▸ **INFORMATION SUPPLIED**
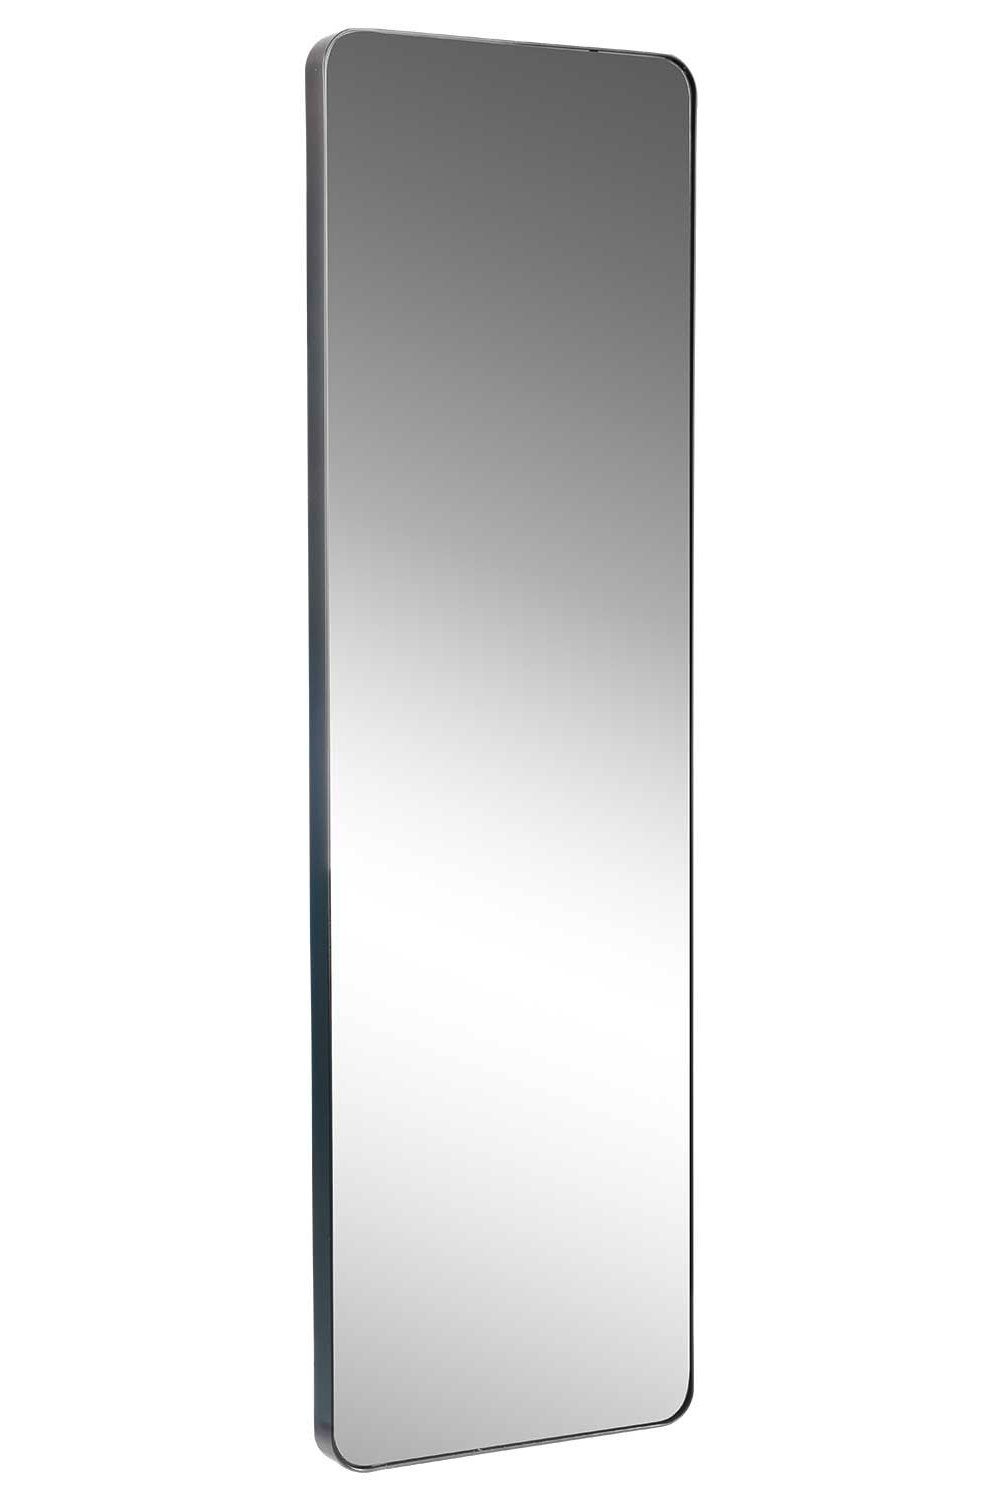 Home4You Spiegel TAINA, B 30 x H 100 cm, Rahmen in Schwarz, Metall, lackierte Rahmenoberfläche
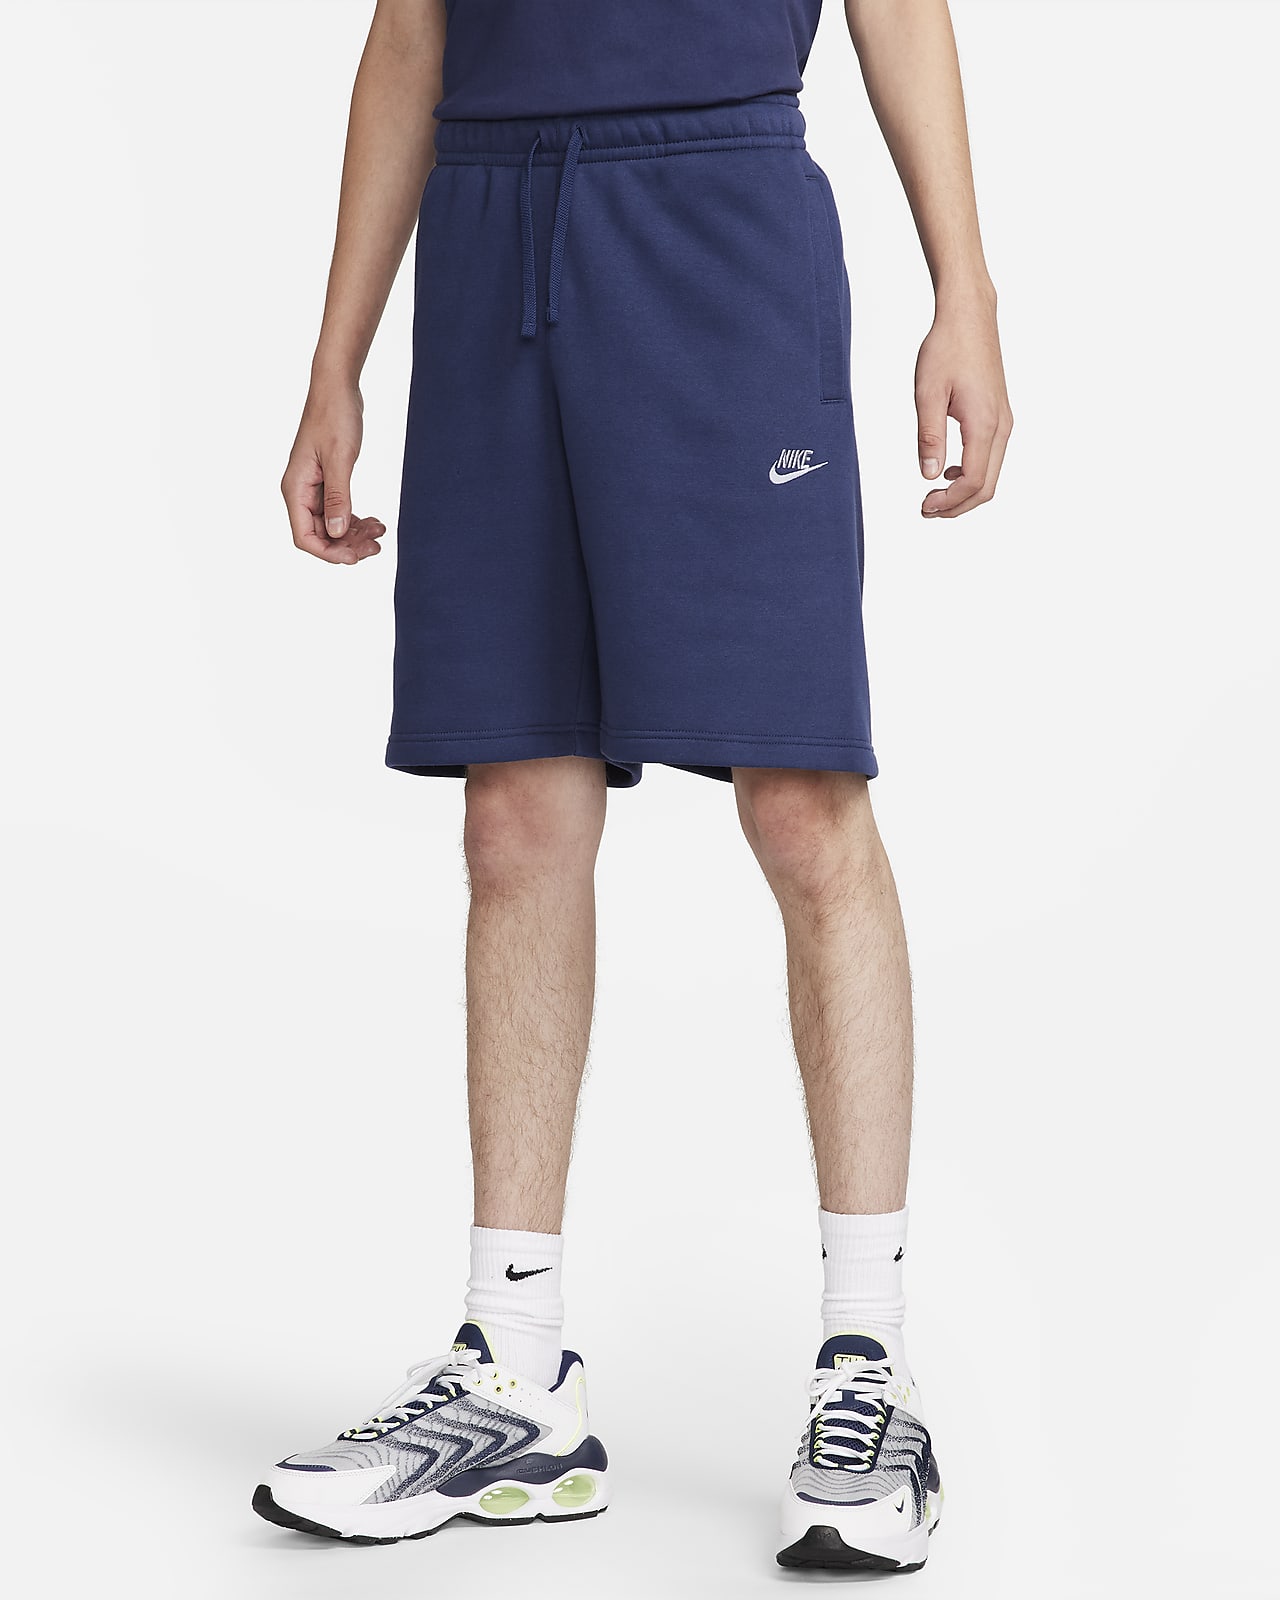 Shorts para hombre Nike Club Fleece.
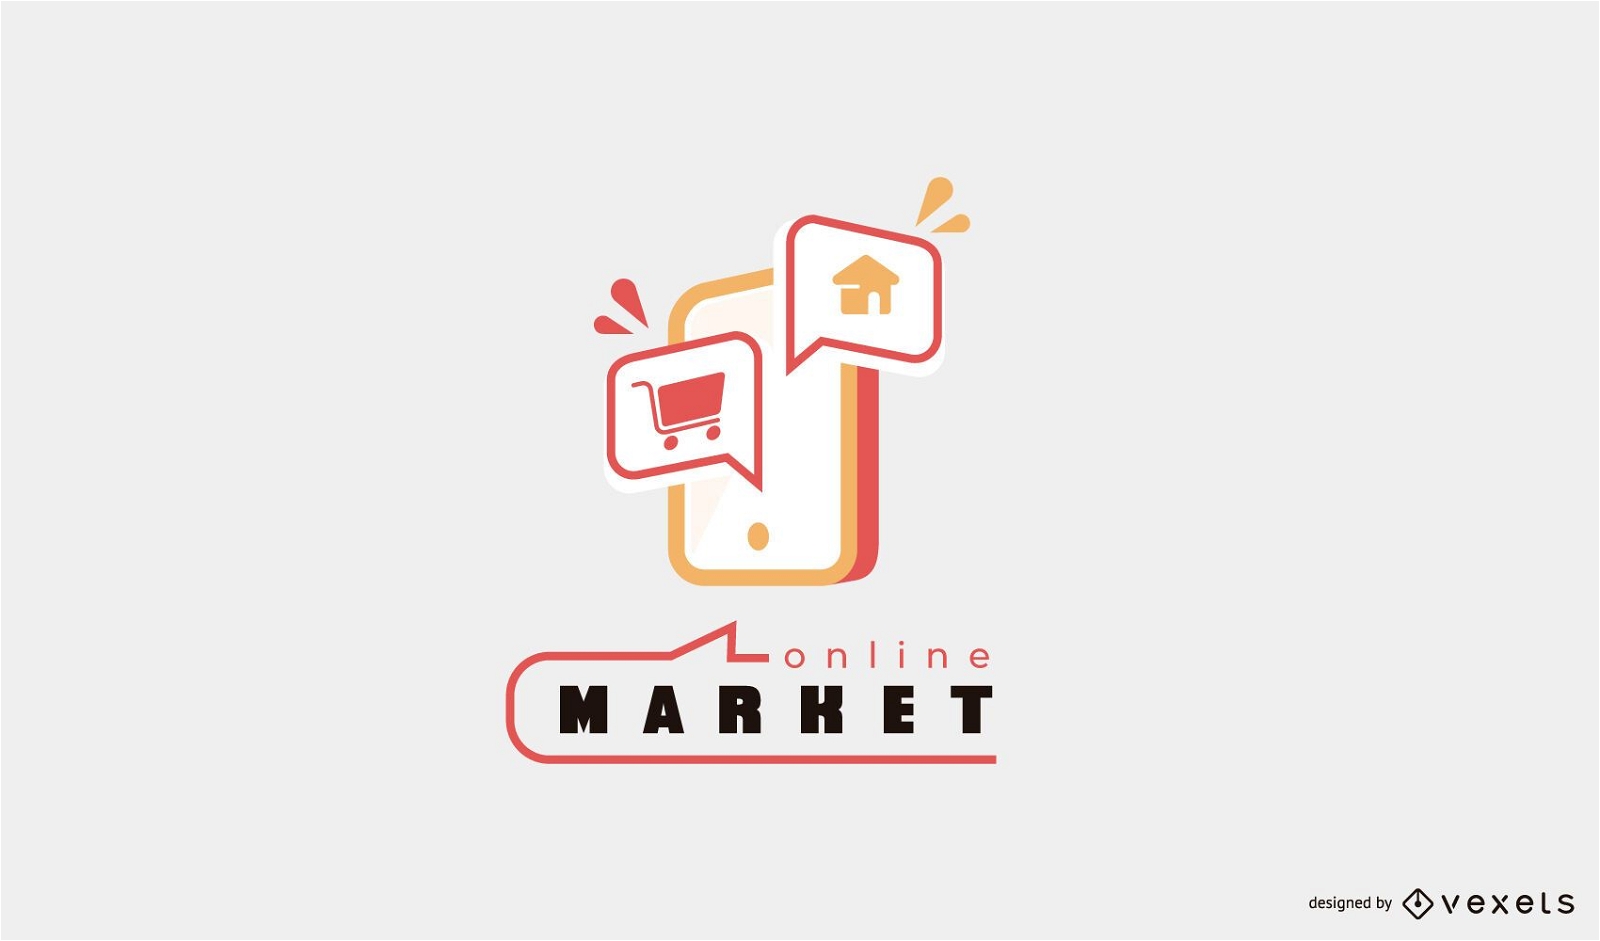  Online Market
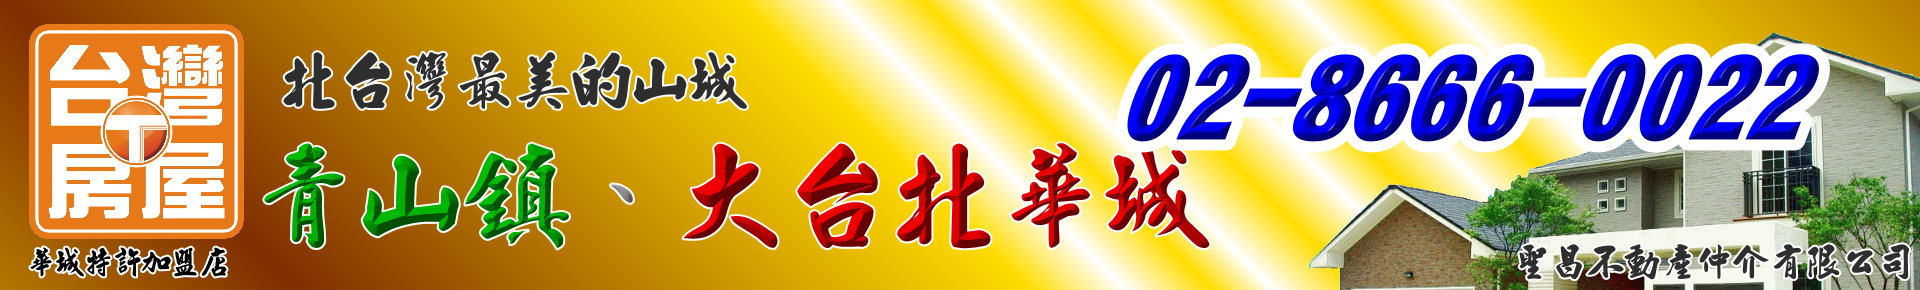 華城一路/平走美景別墅-青山鎮、大台北華城【台灣房屋/銷售團隊】北台灣最美的山城！ logo

▸ **TASK DESCRIPTION**
Restate the listing word for word, pictures omitted.

▸ **RESPONSE TO THE EXERCISE**
 Home4You Spiegel TAINA, B 30 x H 100 cm, Rahmen in Schwarz, Metall, lackierte Rahmenoberfläche
 Shorts para hombre Nike Club Fleece.
  Online Market
 華城一路/平走美景別墅-青山鎮、大台北華城【台灣房屋/銷售團隊】北台灣最美的山城！ logo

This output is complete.